The first few days I thought it best to stay at the house trying to bring some normality back to mine and Bella’s life, unpacking our lives into the shapes that we recognize and call home. Bella was bored and wanted to play mostly, so the next day we went for a walk into the forest and visited the local playground although that was a bit wet. We had some fun taking pictures of each other in the woods then walked back home. The next few days were very wet and so we stayed in. Playing with a (bossy) 2 year old was beginning to drain me – having to play shop over and over, sit in a circle with the dollies, or sing the same song time after time again. I had no adult conversation at all. I had no life.
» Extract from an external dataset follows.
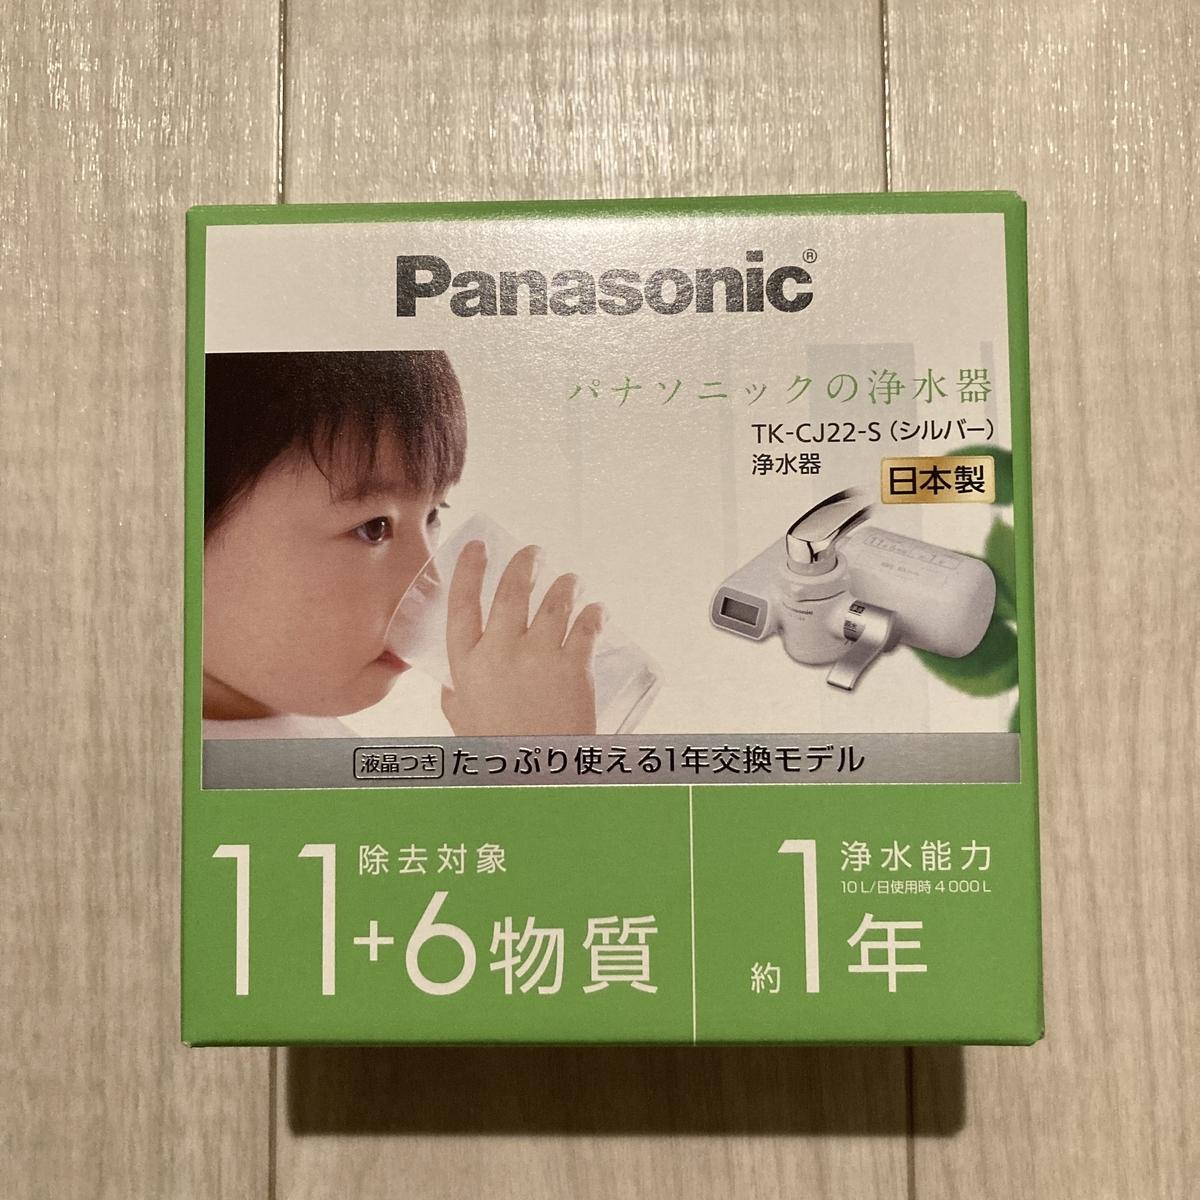 Panasonic 浄水器 TK-CJ23-H TK-CJ22-S トレビーノ 軟水 天然水 カートリッジ 節約 除去 水質 健康

This was meant to be my dream time, my time with Bella, our time together, bonding, enjoying quality time. Morning was a struggle – there was the daily fight over Bella not wanting a wash and me wanting to get the wash over with. This usually followed some row over the colour of Bella’s milk bottle (we were buying it from different places). Then during the day while I tried to unpack boxes Bella would be trying to drag me to her toys. While I tried to hoover, Bella would insist on doing it all by herself which meant it didn’t get done at all. I was getting frustrated and Bella was trying her best to help. I was getting more frustrated. We needed to get out. We did go to the zoo and spent a lovely day looking at all the animals and visiting the playground – Bella (almost) didn’t cry at all – just one crazy screaming event on the way out about going through the turnstiles. In the evenings Bella didn’t want to go to bed – she constantly wanted to be near me and I constantly craved time to myself. I felt like a nobody, with no room for my own life, thoughts, hobbies or work. Steve seemed to be settling into Germany well.